What is not deductible?
âInterest on a mortgage for a third or fourth house
âAny interest on a reverse mortgage
– Expertise fees
âClosing costs or down payment
âAdditional payments made to the principal
âHome equity loan funds / HELOC funds used for purposes unrelated to your property (for example, if you borrowed against your home to pay for a wedding, these funds are not deductible)
Special considerations for deducting mortgage interest
When you review the IRS’s guide to mortgage interest deduction, you will notice a lot of language that details exceptions in certain situations. Below is a partial list of these special considerations. If you have a unique circumstance, consult the most recent IRS publication 936 or seek advice from a tax professional.
âHome office complications: If you are using part of your property for a home office, you will need to calculate the specific square footage used for living versus work. The âinhabitantâ space is the only part that qualifies for a mortgage interest deduction.
âHouse Under Construction: If you are building a house, you have a qualifying 24-month period under the mortgage interest deduction guidelines.
âHouse sales: If you sold your home last year, you can still deduct the interest accrued on the loan up to the date of sale, but not included.
âPay points when refinancing: If you refinanced your mortgage in 2021 and paid points to reduce the rate, you probably won’t be able to fully deduct the cost of those points. Instead, you may be able to deduct some of those points over the life of the new loan.

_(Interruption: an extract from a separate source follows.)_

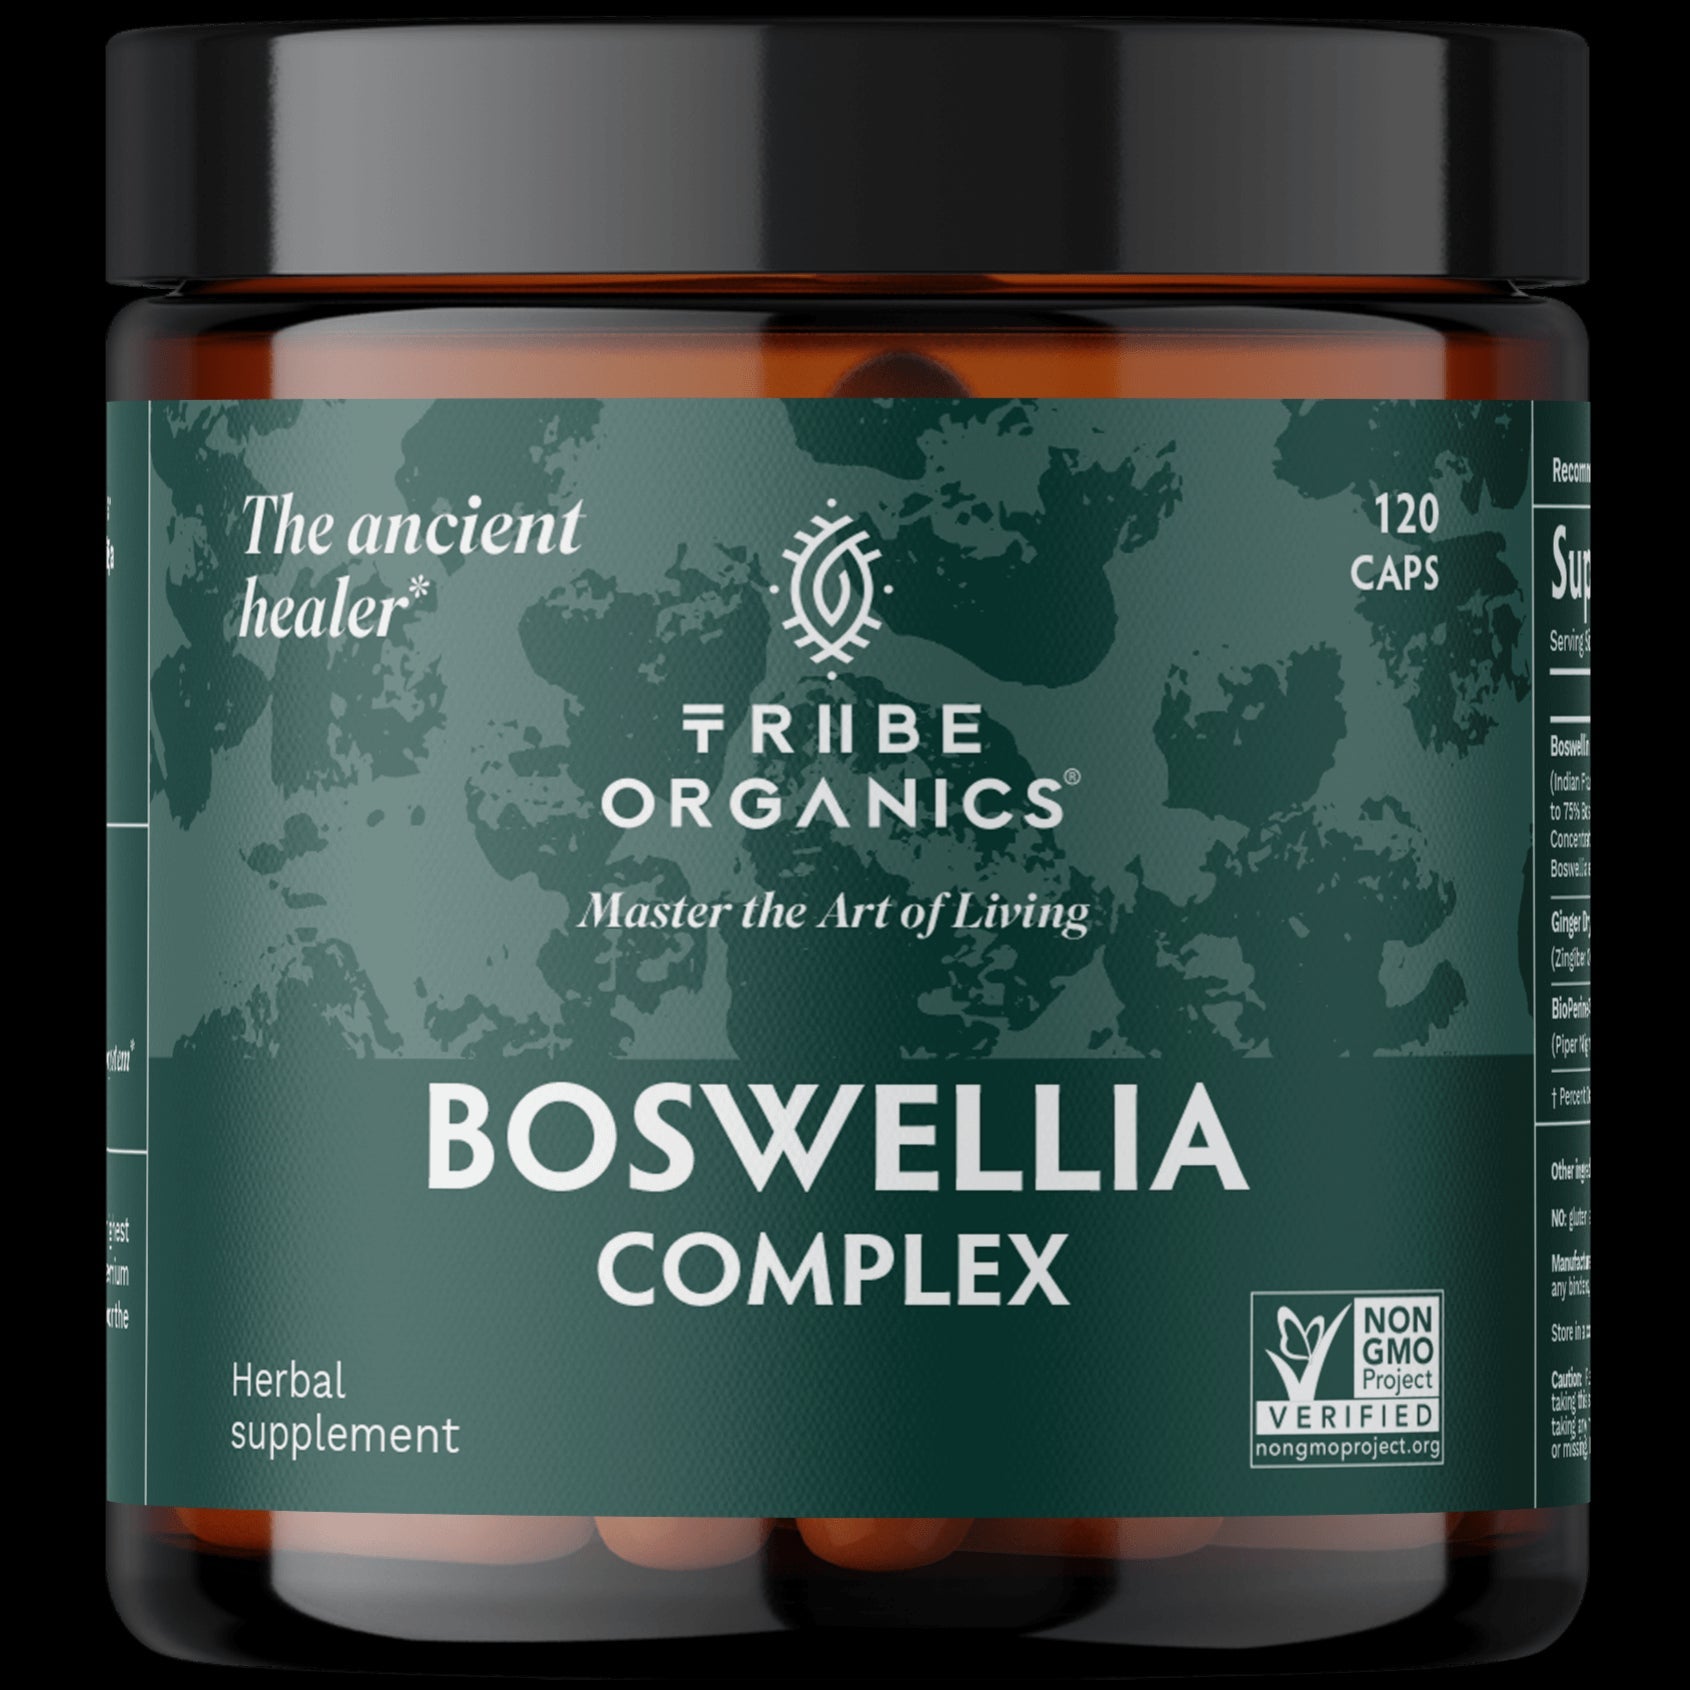 Boswellia Complex

How to claim mortgage interest deduction
Step 1: Watch for communications from your lender or manager in early 2022. You don’t have to track the amount of interest you pay; your lender or agent will do this and send you Form 1098. This should arrive in late January or early February, and should also include mortgage insurance premiums and prepaid interest.
Step 2: Do the math. You will need to determine whether the breakdown of your deductions (your mortgage interest charges and any other eligible deductions) will give you more than the standard deduction.
Step 3: Submit your Form 1098 to your tax professional or complete Schedule A of Form 1040 yourself. All reported mortgage interest will be entered on line 8a, any undeclared interest will appear on line 8b and insurance premiums. mortgage will appear on line 8d.
Benefits of deducting mortgage interest
The main advantage of deducting mortgage interest is that it can reduce the total taxes you pay. Let’s say you paid $ 10,000 in mortgage interest and you are in the 32% tax bracket. You reduce your tax bill by $ 3,200 after subtracting the $ 10,000 deduction from your income.
âThose in the higher tax brackets will benefit the most because they will see larger deductions,â notes Kelly Crane, president and chief investment officer of St. Helena-based Napa Valley Wealth Management, in California.
In fact, lower income taxpayers get fewer benefits overall, says Andrew Latham, certified personal finance advisor and editor at SuperMoney in Santa Ana, California.
âTaxpayers who earn less than $ 100,000 actually only receive 11% of the benefits of this deduction,â Latham said, citing a 2019 Tax Foundation report. “In contrast, taxpayers who earn $ 200,000 or more per year get a larger benefit – 60% of the total savings from deducting mortgage interest.”
Need more information on filing your taxes in 2022? Read the Bankrate guide for the next tax season. If you’re lucky enough to be eligible for a refund, also consider some of the great ways to invest that amount of money to improve your financial well-being.